PhD, electrical and computer engineering, University of Illinois at Urbana-Champaign, 2016
Areas of expertise and bio
Expertise: Statistical machine learning, deep learning and theoretical computer science
Yingzhen Yang became interested in engineering when he implemented fast-searching algorithms as a high school student.
“I chose to perform research in machine learning and deep learning because they are very interesting areas that combine the best of statistics and multiple areas of fundamental mathematics, physics and computer science,” says Yang.
He sees machine learning and deep learning as “the driving force for modern artificial intelligence,” he says.
“I want to teach courses in these areas because I hope more students will learn the basics and even pursue careers in these areas,” says Yang. “Machine learning and artificial intelligence are particularly important in science and engineering nowadays.”
At ASU, Yang will research principles and applications of deep learning, especially optimization and generalization of deep neural networks and compression of deep neural networks.

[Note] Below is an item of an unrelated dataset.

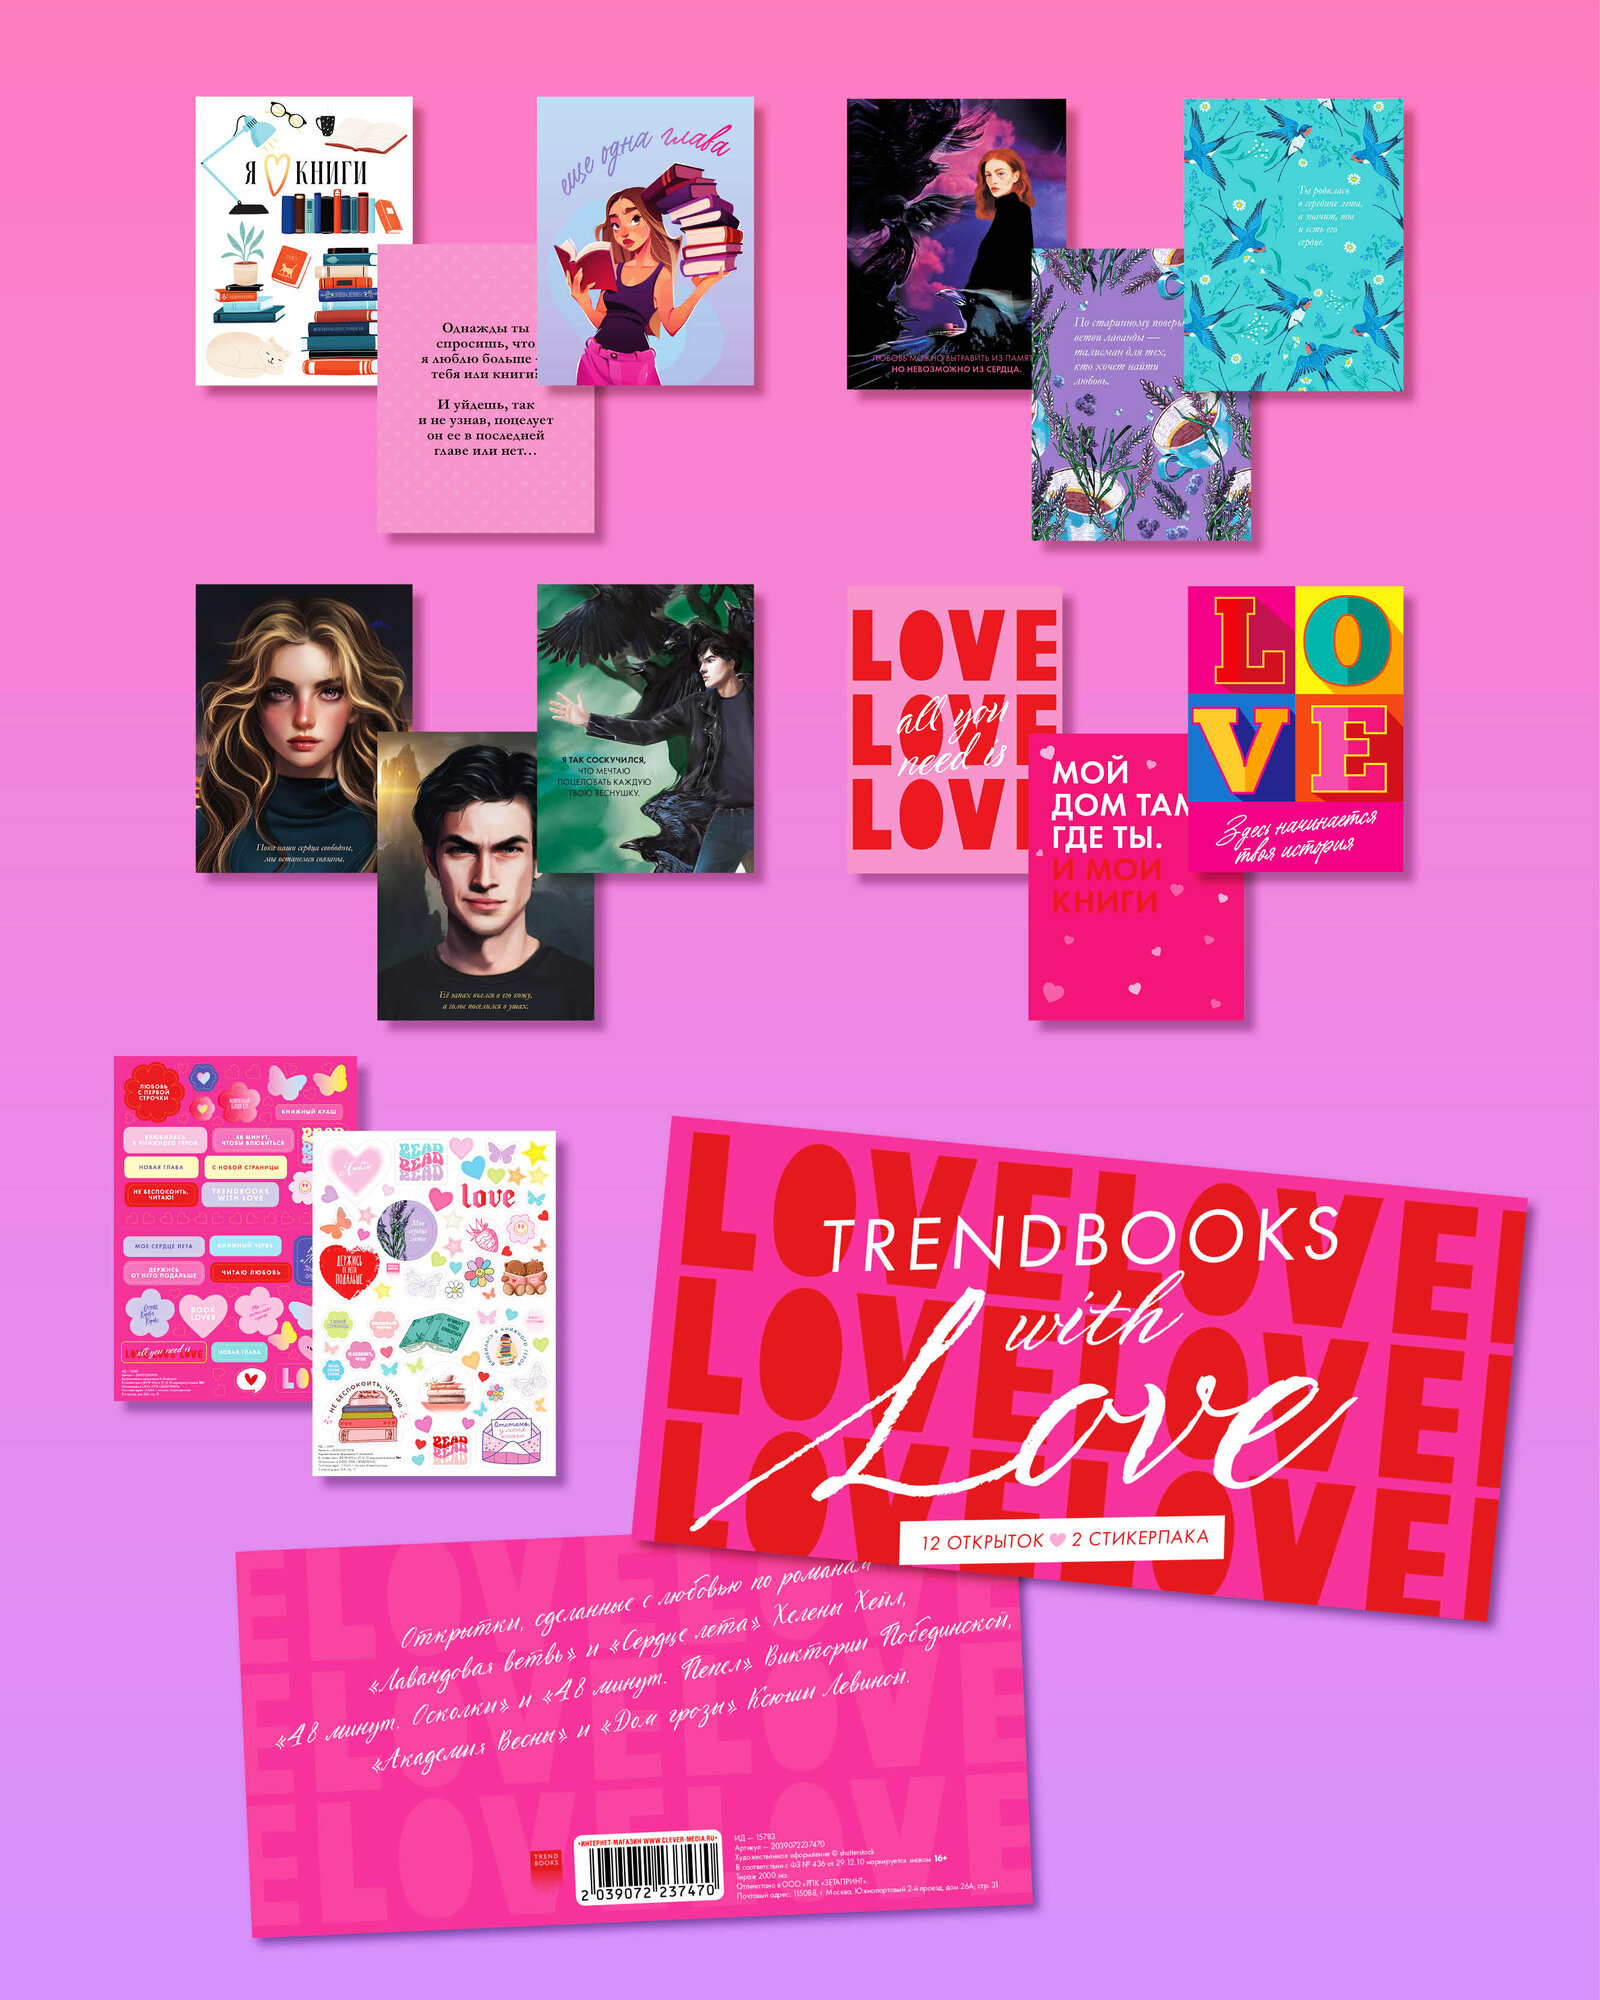 Набор из 12 открыток и 2 стикерпаков Trendbooks with love. По мотивам книг о любви

Research to advance the optimization and generalization of deep neural networks is fundamentally important to solving problems in deep learning, and can significantly enhance the understanding of deep neural networks and facilitate their broader application in various scenarios.
“I will also research AutoML, a hot topic in the deep learning community that automatically searches for optimal neural architecture and eliminates the need for designing neural architecture manually for each task,” says Yang. “AutoML models are being incorporated into my research in compression of deep neural networks.”
“I am deeply impressed by ASU’s strong commitment to research and innovation,” says Yang. “It is a great university for me to advance my research career.”
In his spare time, Yang loves traveling and playing badminton.